A data transfer system according to the present invention includes:
A data transfer system for transferring content datagrams using a plurality of relay nodes,
The relay node on the receiving side of the relay section where the loss of the content datagram has occurred sends the datagram of the “parity datagram transmission request” including the identification number of the FEC block of the content datagram where the loss has occurred to the upstream relay node. Before sending the datagram, send the datagram of the “parity datagram transmission request” to the upstream relay node and immediately send the datagram of “parity datagram transmission request sent” to the downstream relay node. Send
The relay node that received this immediately forwards it further to the downstream relay node,
The downstream relay node that has received the datagram of “parity datagram transmission request transmitted” suppresses transmission of the datagram of “parity datagram transmission request” to the relay node on the receiving side.
It is characterized by that.

In the data transfer system according to the present invention,
If the receiving relay node detects the loss of the content datagram,
Immediately, send a datagram of “parity datagram transmission request sent” toward the downstream relay node,
When a datagram of “parity datagram transmission request transmitted” is not received from an upstream relay node within the waiting time set in advance after receiving the first datagram of the FEC block of the lost content datagram When the predetermined waiting time is T and the predetermined waiting time with respect to fluctuation of the arrival time of the content datagram is α, the datagram of the “parity datagram transmission request” is relayed upstream after the elapse of the waiting time (T + α). You may transmit toward a node.

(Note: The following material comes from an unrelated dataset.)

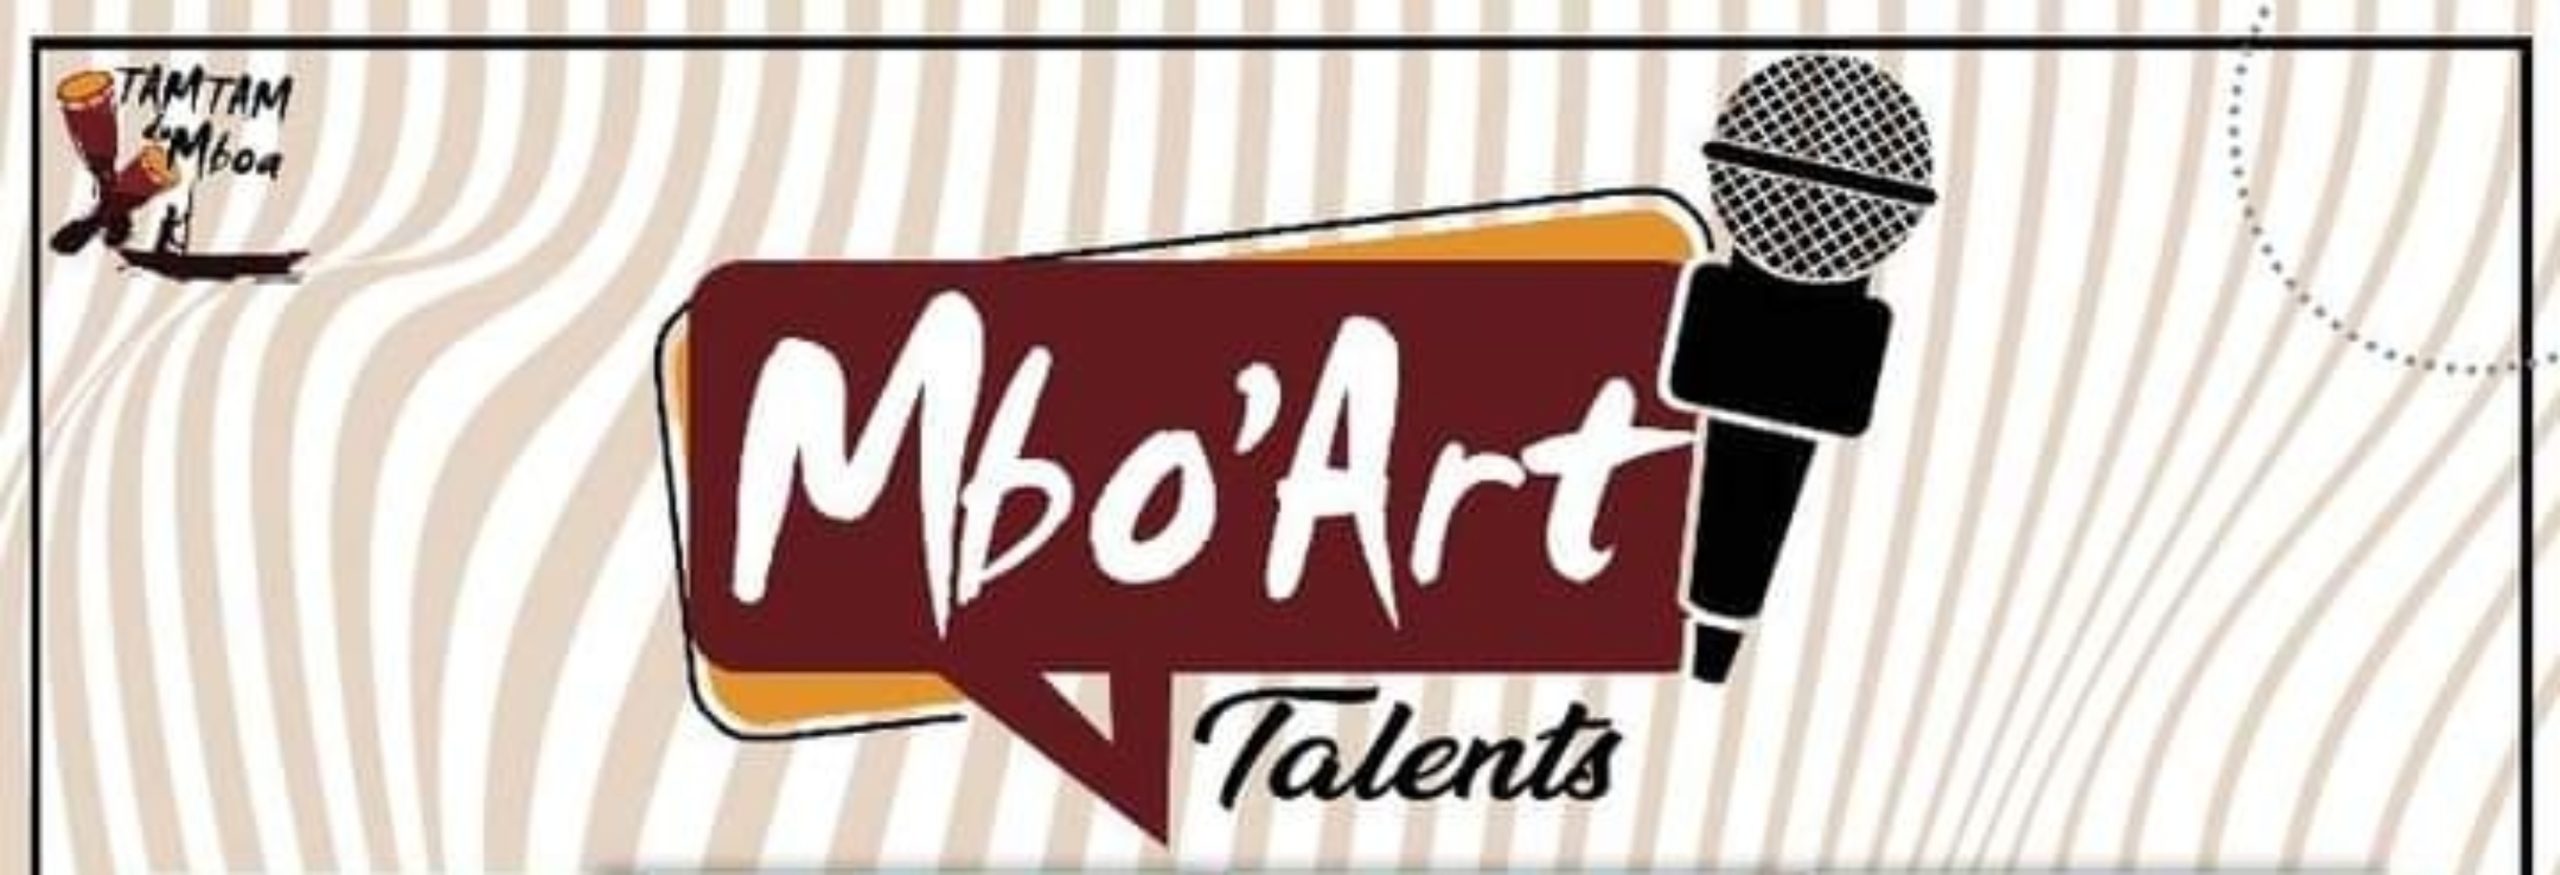 MBO’ART Talents : l’émission des stars de demain 237
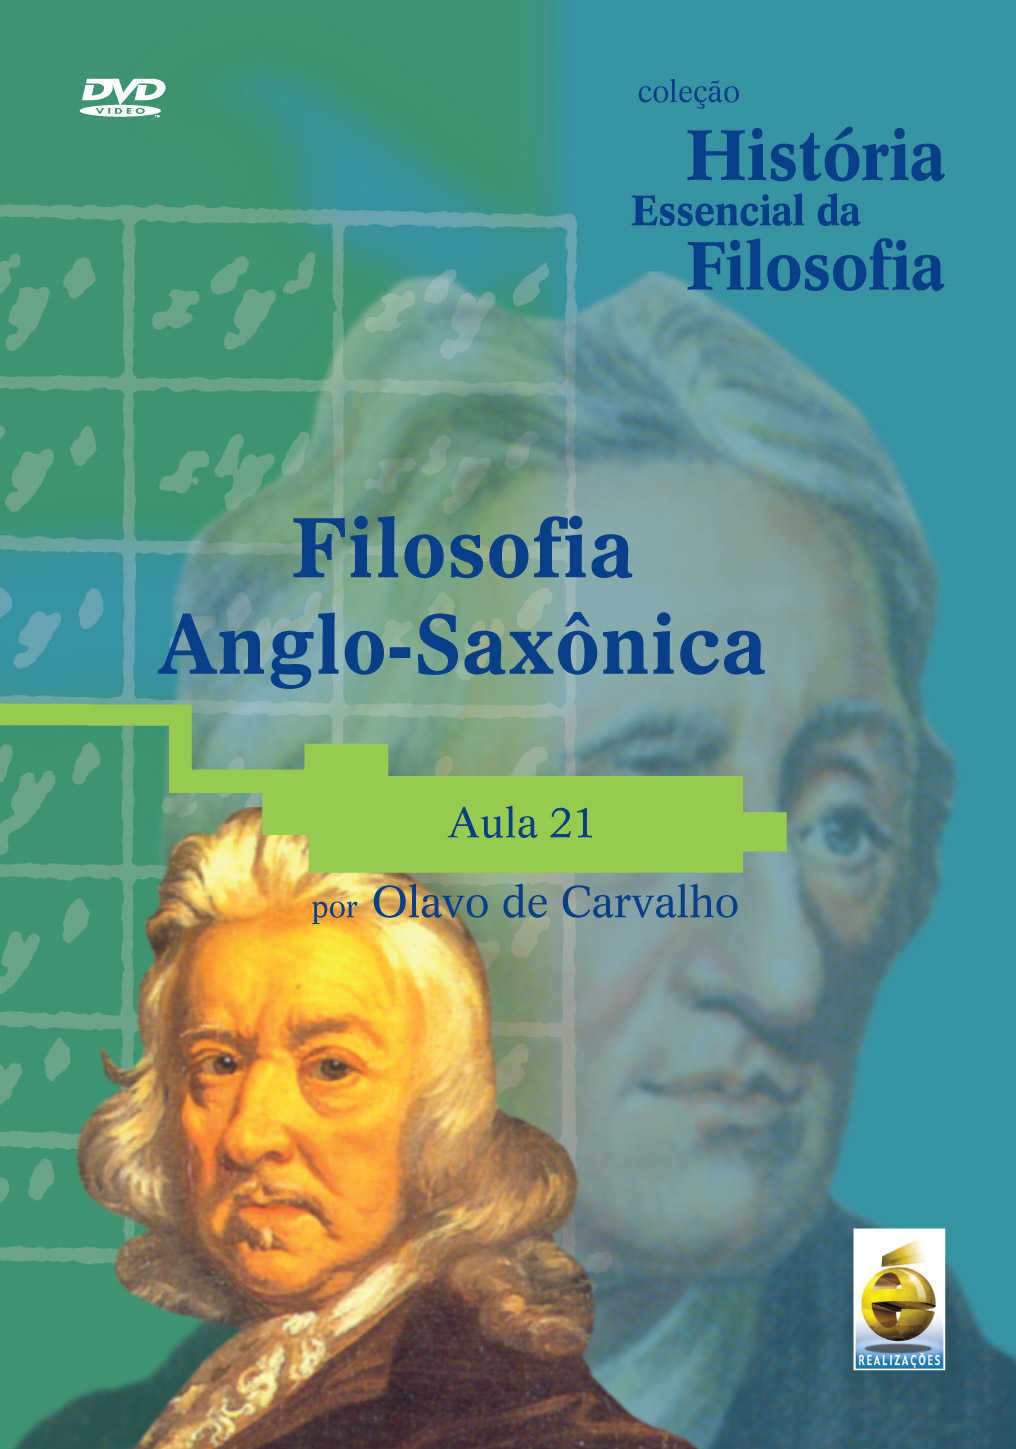 Dvd – Coleção História Essencial Da Filosofia – Filosofia Anglo-Saxônica | Aula 21

A data transfer method according to the present invention includes:
A data transfer method in which a plurality of relay nodes transfer content datagrams,
The relay node on the receiving side of the relay section where the loss of the content datagram has occurred
Before sending the “parity datagram transmission request” datagram containing the identification number of the FEC block of the content datagram in which the loss has occurred to the upstream relay node, the “parity datagram transmission request” datagram Is immediately sent to the downstream relay node to send a datagram of "parity datagram transmission request sent" to the upstream relay node,
The relay node that received this immediately forwards it further to the downstream relay node,
The downstream relay node that has received the datagram of “parity datagram transmission request transmitted” suppresses transmission of the datagram of “parity datagram transmission request” to the relay node on the receiving side.
It is characterized by that.

In the data transfer method according to the present invention,
If the receiving relay node detects the loss of the content datagram,
Immediately, send a datagram of “parity datagram transmission request sent” toward the downstream relay node,
When a datagram of “parity datagram transmission request transmitted” is not received from an upstream relay node within the waiting time set in advance after receiving the first datagram of the FEC block of the lost content datagram When the predetermined waiting time is T and the predetermined waiting time with respect to fluctuation of the arrival time of the content datagram is α, the datagram of the “parity datagram transmission request” is relayed upstream after the elapse of the waiting time (T + α). You may transmit toward a node.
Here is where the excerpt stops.